Furthermore, the CJEU explained how the national authorities have other avenues which can aid them in their pharmacovigilance such as the possibility of seeking clarity from national authorities of other Member States and enquiring as to whether any new risks have been identified with regards to the medicinal product in question, or whether any changes to the benefit-risk balance of that medicinal product have taken place.

Additionally, there also exists the possibility of national authorities referring to periodic safety update reports which are available to them by virtue of Directive 2001/83/EC on the Community code relating to medicinal products for human use, and Regulation (EC) No 726/2004 laying down Community procedures for the authorisation and supervision of medicinal products for human and veterinary use and establishing a European Medicines Agency.

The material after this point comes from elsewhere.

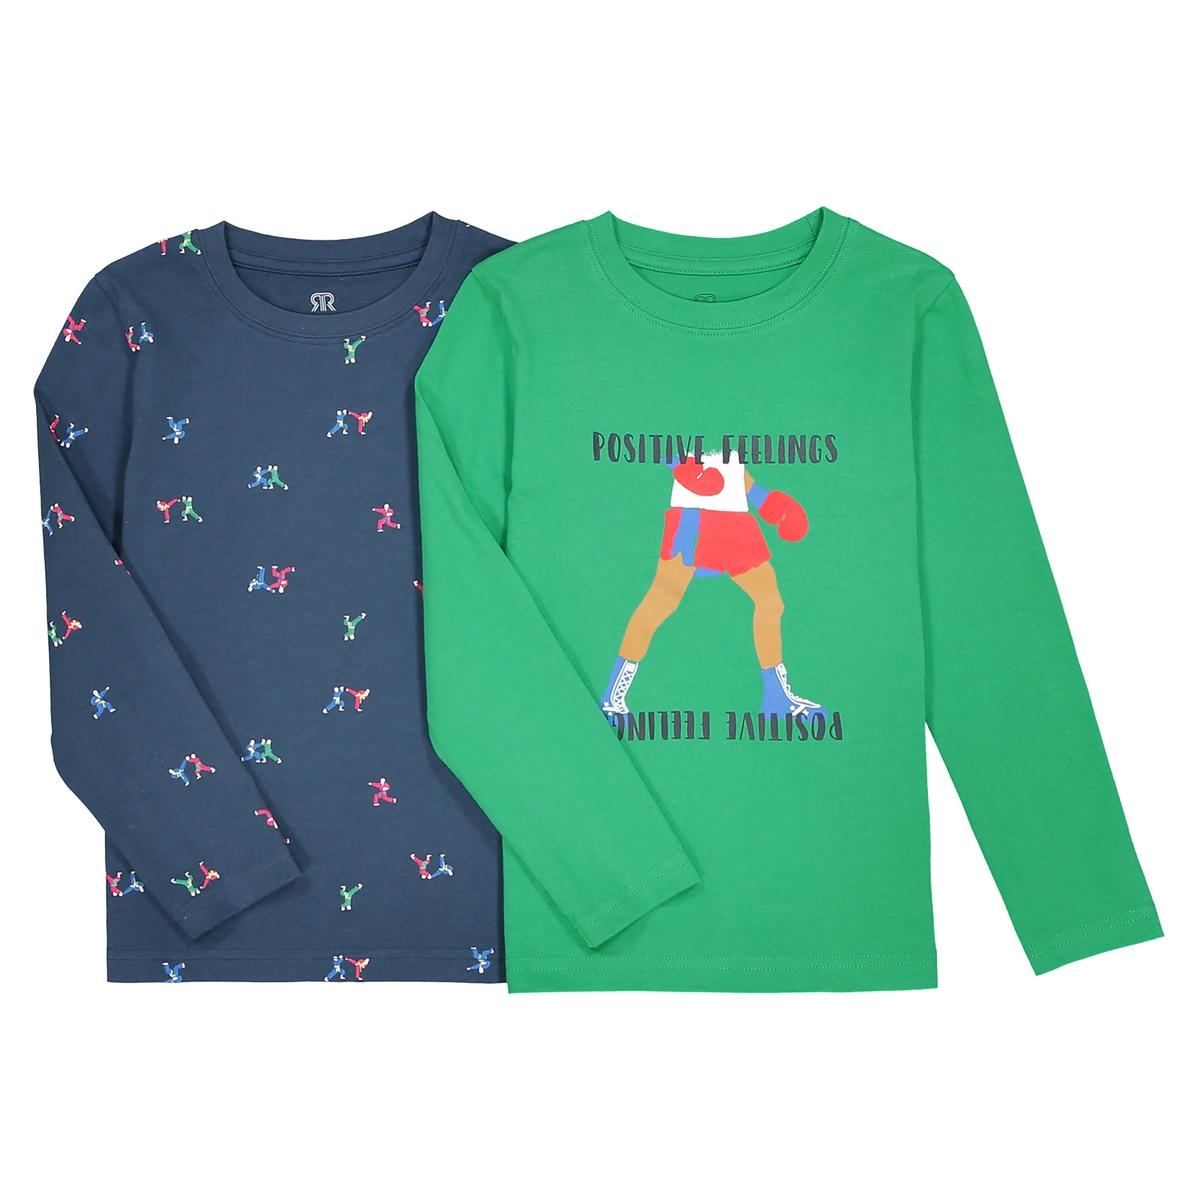 Комплект из 2 футболок с длинными рукавами 3-12 летОписание:Детали •  Длинные рукава •  Круглый вырез •  Рисунок-принтСостав и уход •  100% хлопок •  Температура стирки 30° •  Гладить при низкой температуре / не отбеливать • Барабанная сушка на слабом режиме       •  Сухая чистка запрещена<br><br>Цвет: синий + зеленый<br>Размер: 5 лет - 108 см.4 года - 102 см.12 лет -150 см.6 лет - 114 см.3 года - 94 см.10 лет - 138 см

In view of the above, the CJEU held that while on the one hand the national authority responsible for pharmacovigilance may have additional administrative and economic burdens imposed upon it once the marketing authorisation has expired, this does not justify the automatic expiration of a license for a parallel importation and therefore such a measure will not fall within the scope of Article 36 TFEU and is therefore a breach of the free movement of goods within the internal market.

This case highlighted the fact that while Article 36 TFEU allows the imposition of certain measures which impede cross-border trade, such measures must be justified by the Member State seeking to impose them and must also respect the principle of proportionality. Requirements which, time and time again, have been proven to be an insurmountable hurdle for Member States.